# How to complete this task:
Below are some records; repeat them all exactly, minus the pictures.

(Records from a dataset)

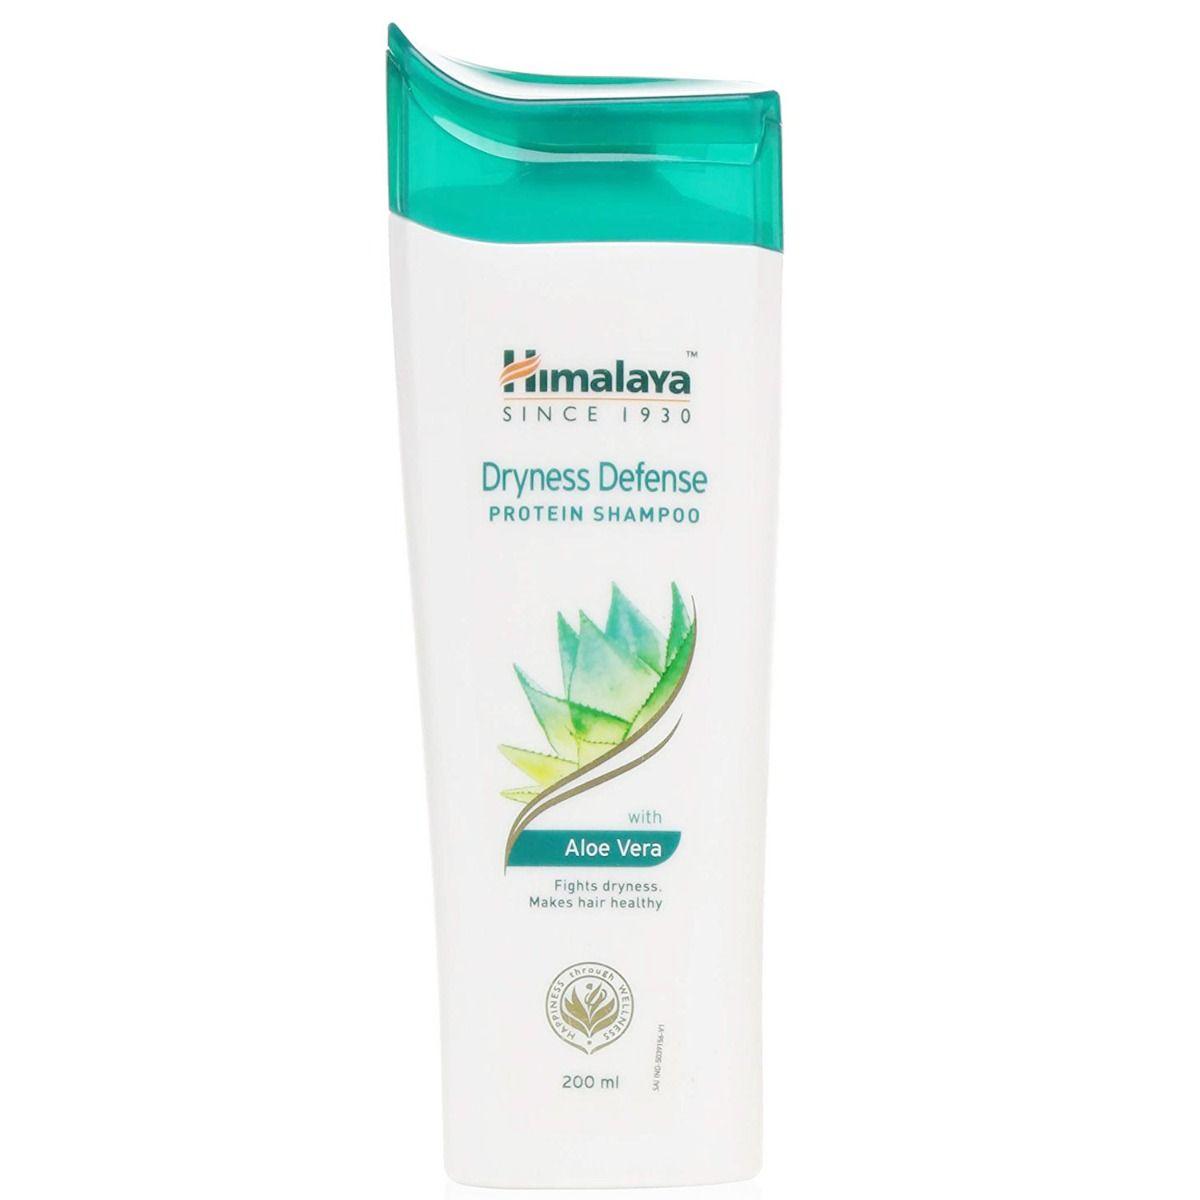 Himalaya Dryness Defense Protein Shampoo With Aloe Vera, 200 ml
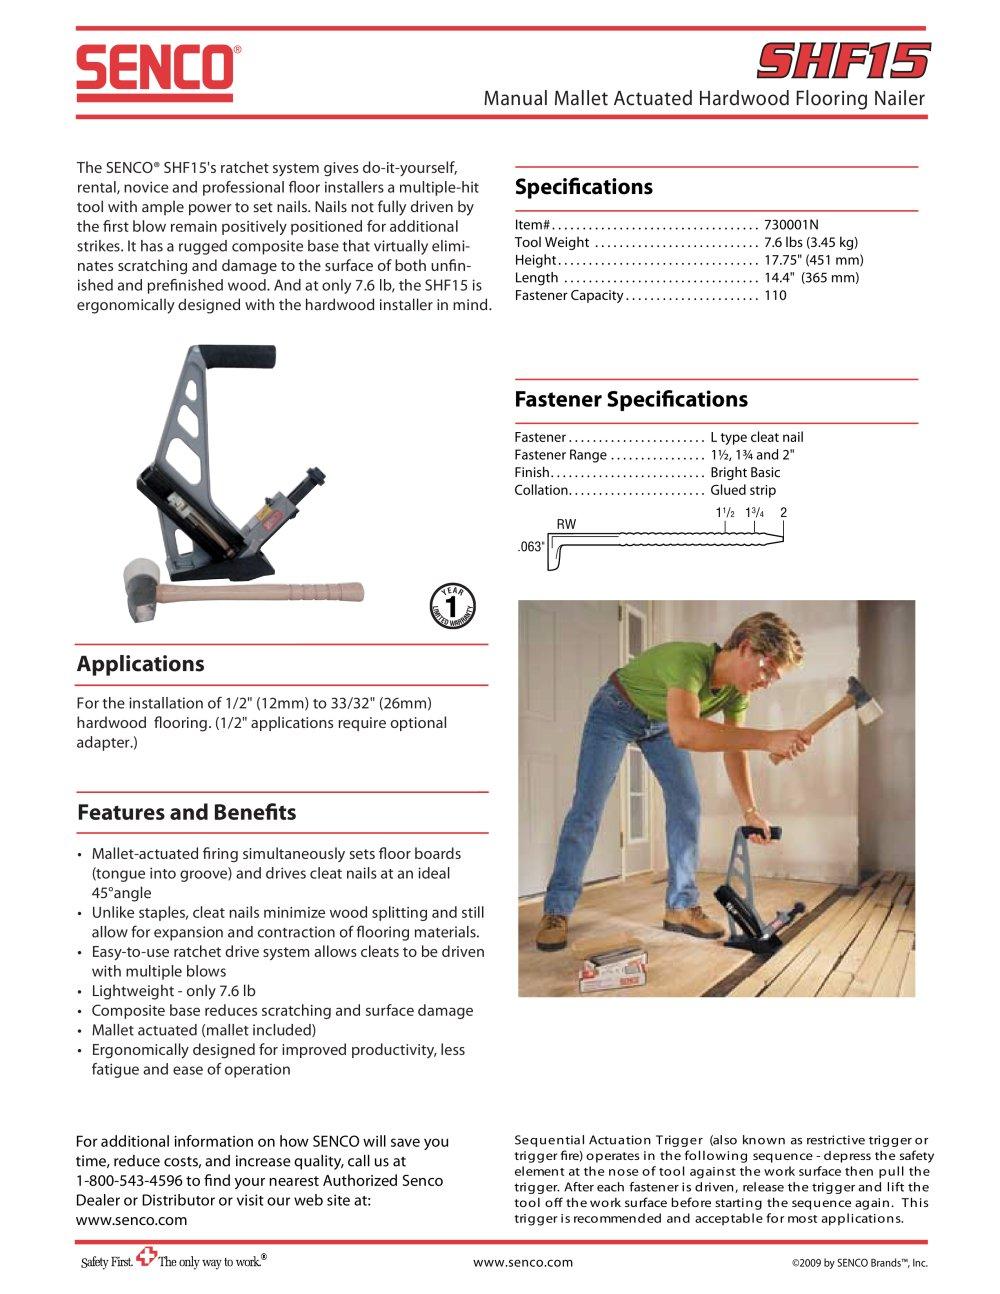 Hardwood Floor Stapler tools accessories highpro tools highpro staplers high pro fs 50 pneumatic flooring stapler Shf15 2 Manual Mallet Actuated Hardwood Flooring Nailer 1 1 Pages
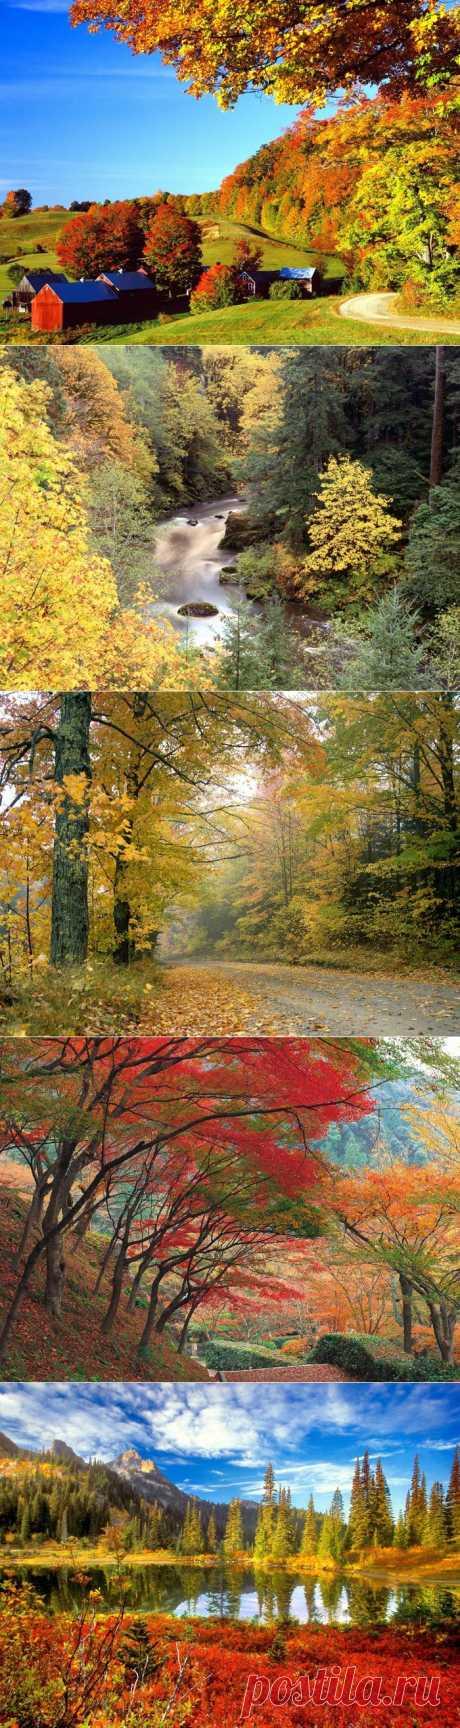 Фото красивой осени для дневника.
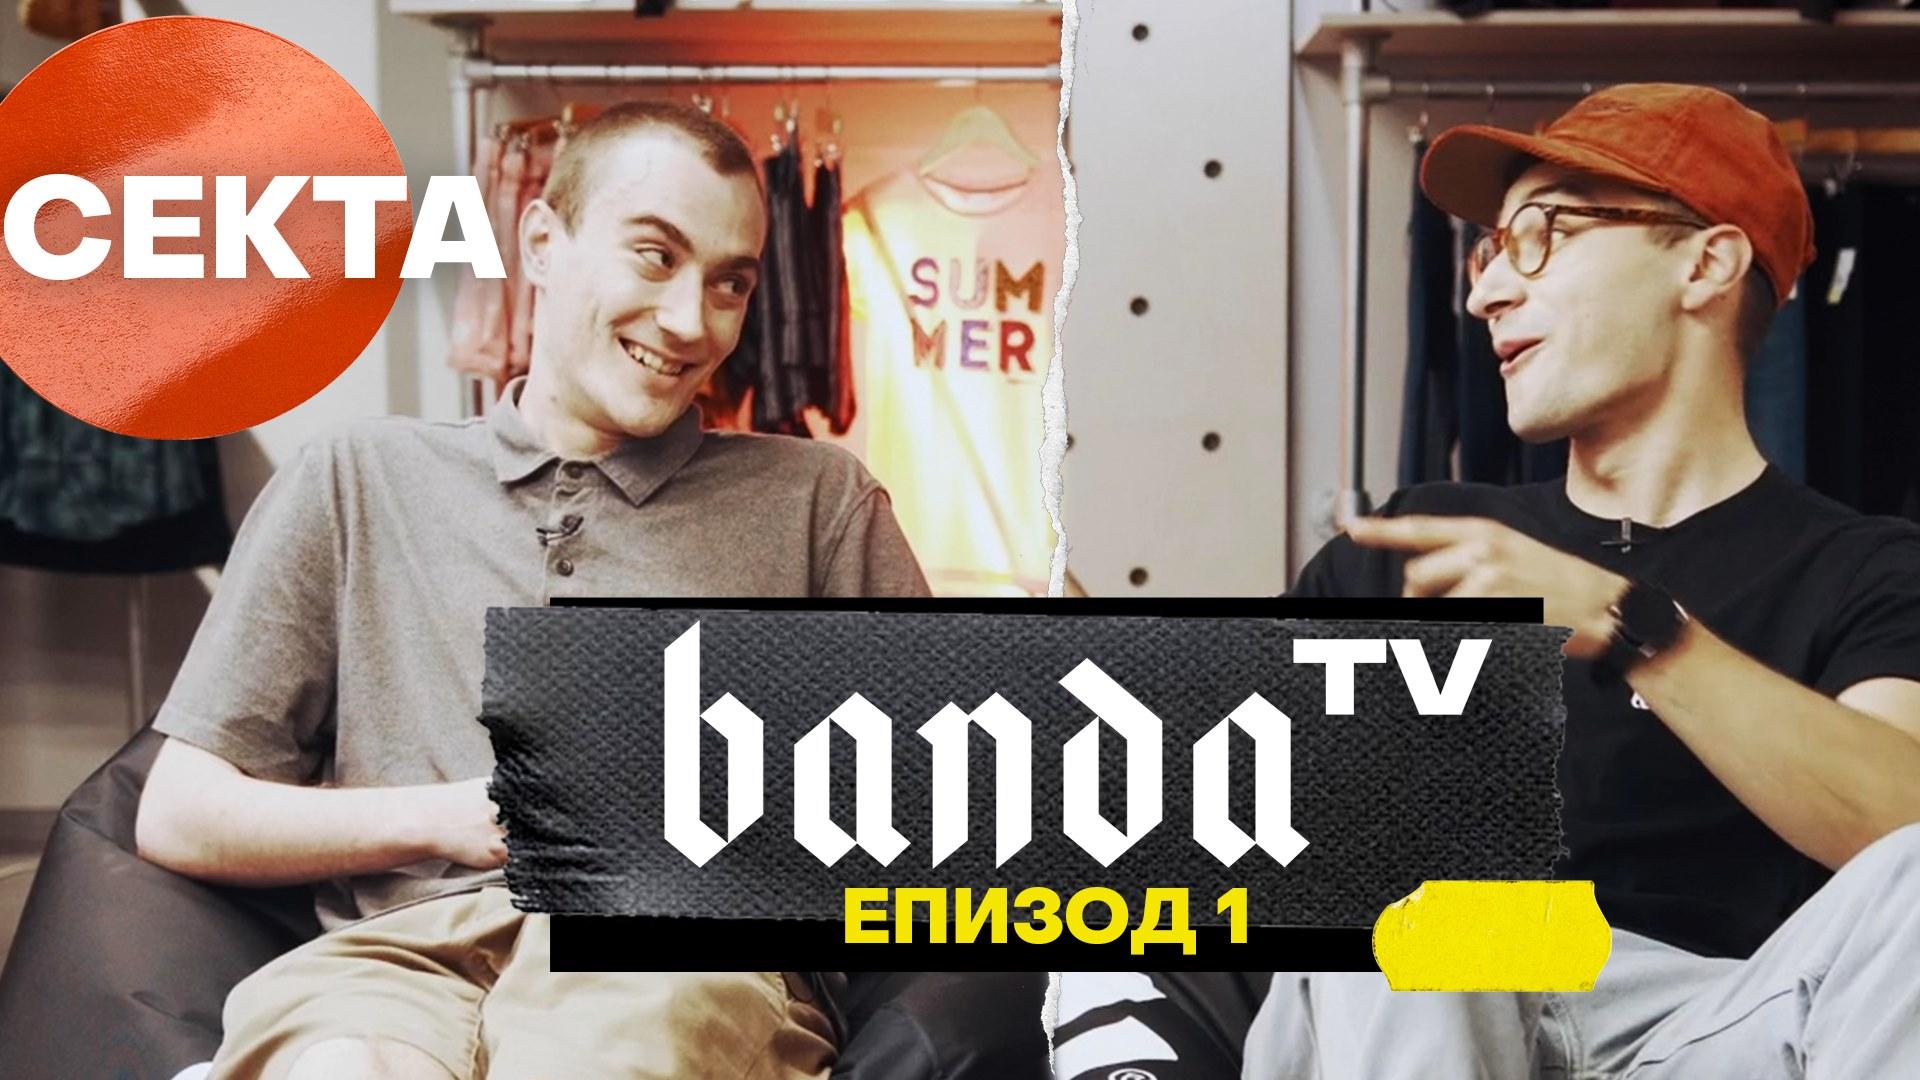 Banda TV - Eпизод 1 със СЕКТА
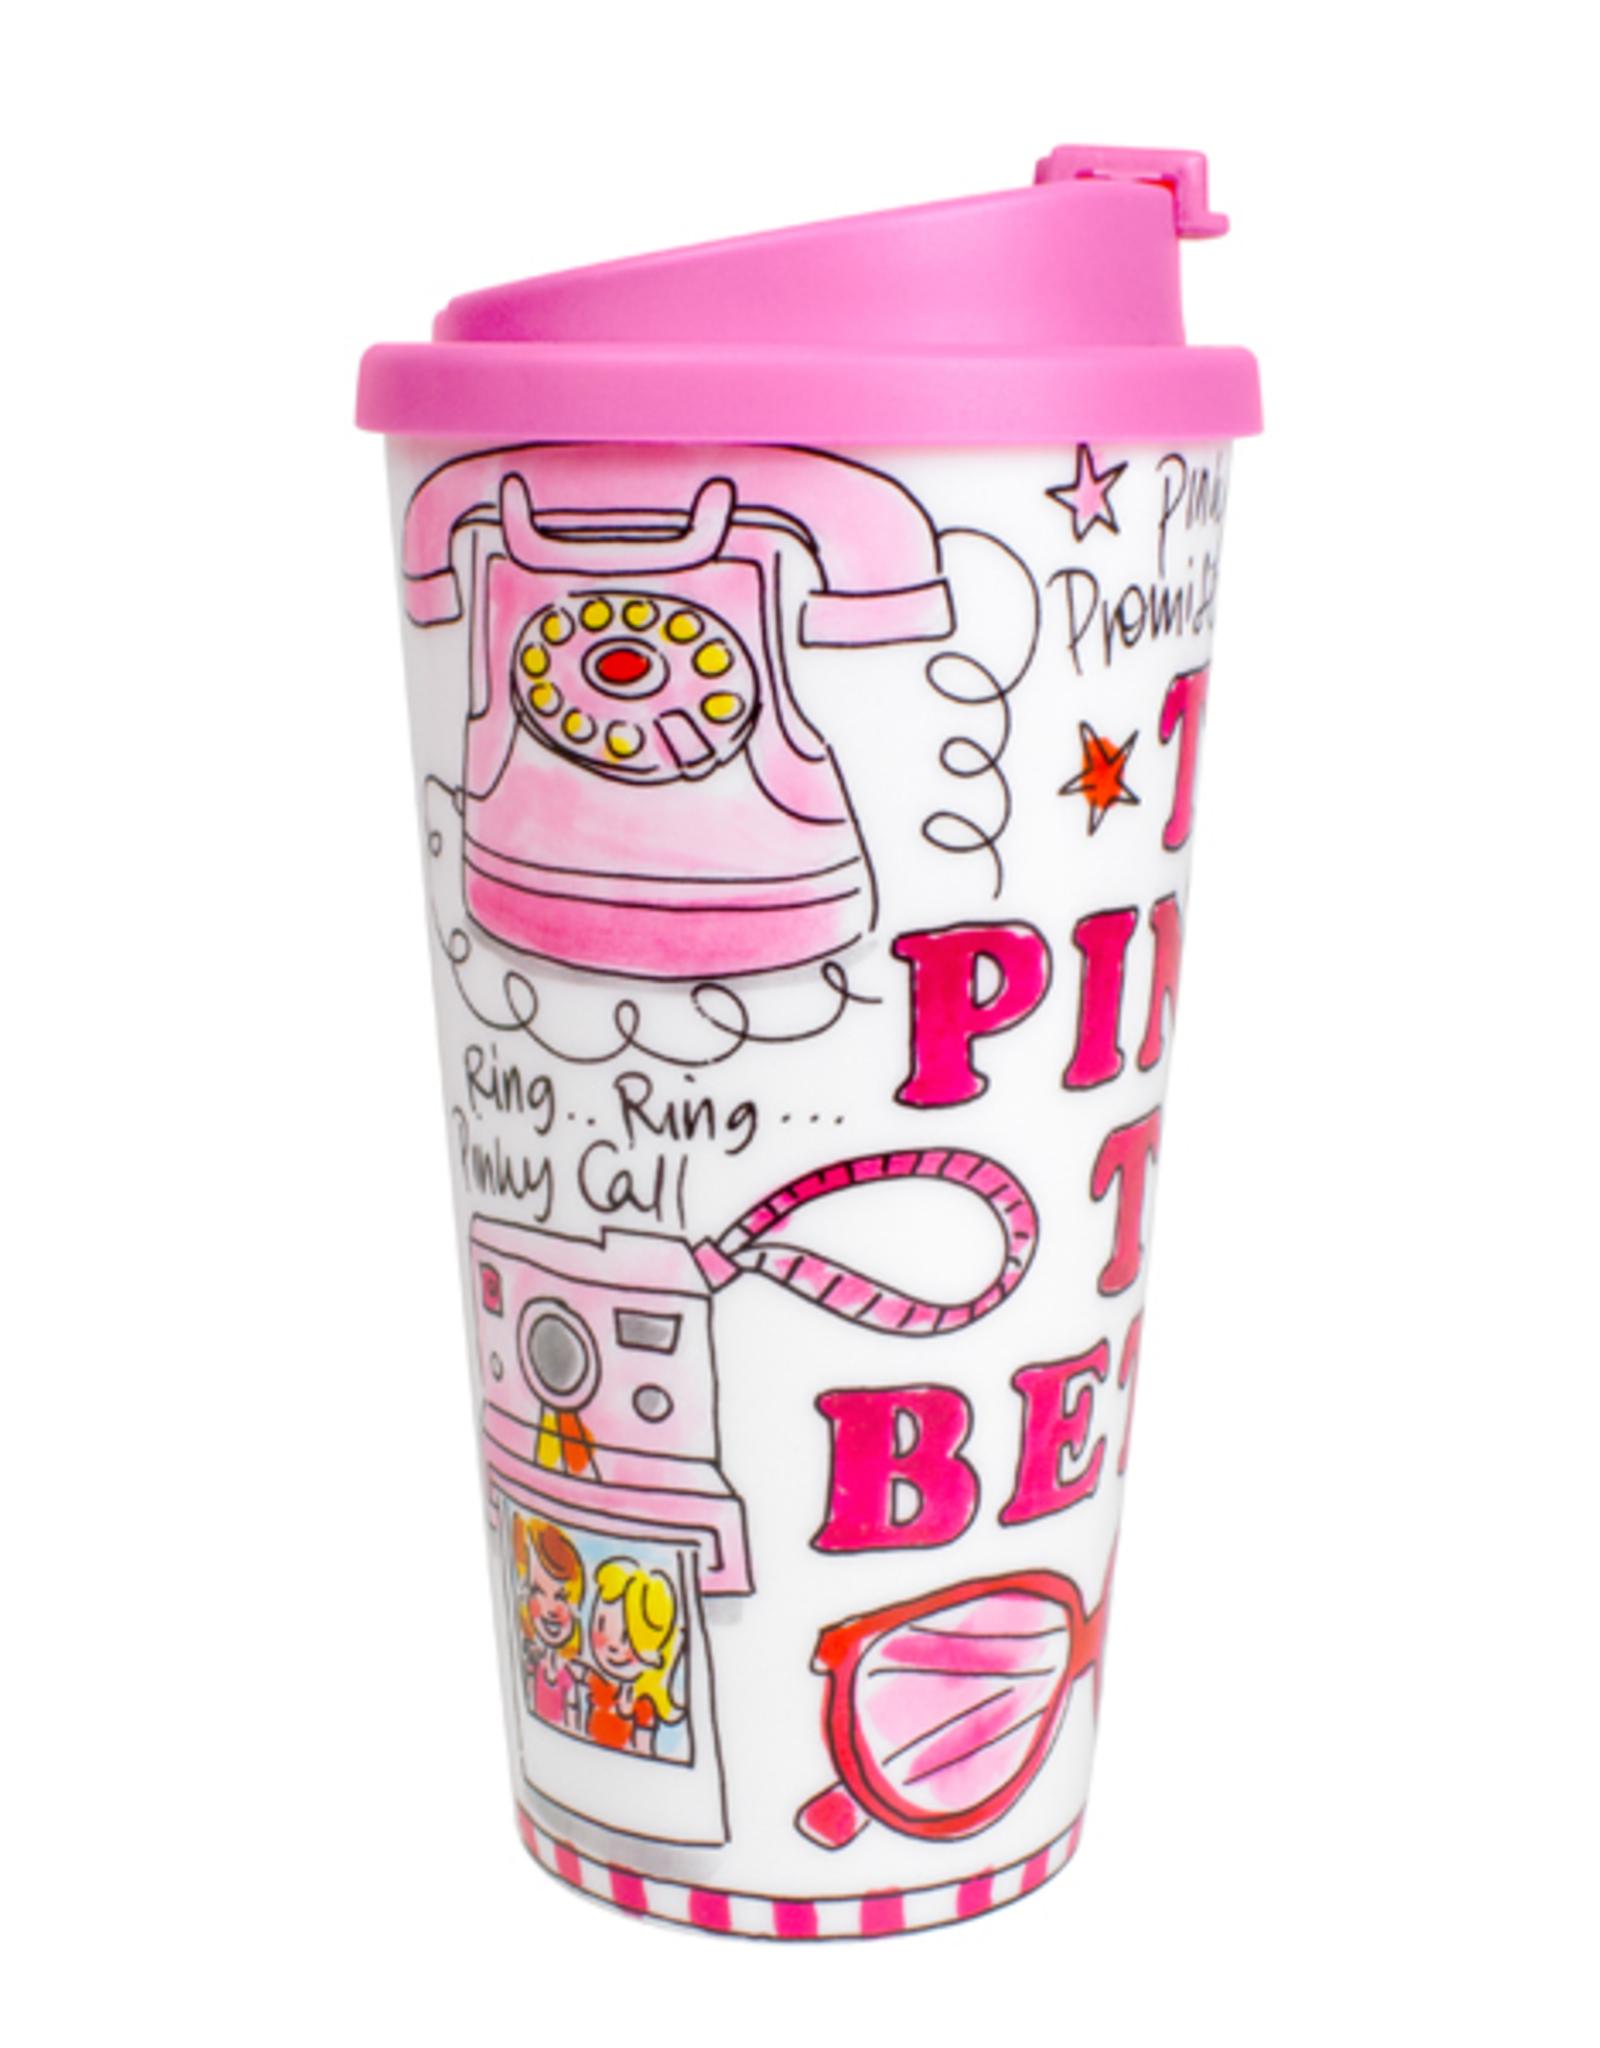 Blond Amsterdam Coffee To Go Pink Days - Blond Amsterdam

# Answer to the exercise:
 Himalaya Dryness Defense Protein Shampoo With Aloe Vera, 200 ml
 Hardwood Floor Stapler tools accessories highpro tools highpro staplers high pro fs 50 pneumatic flooring stapler Shf15 2 Manual Mallet Actuated Hardwood Flooring Nailer 1 1 Pages
 Фото красивой осени для дневника.
 Banda TV - Eпизод 1 със СЕКТА
 Blond Amsterdam Coffee To Go Pink Days - Blond Amsterdam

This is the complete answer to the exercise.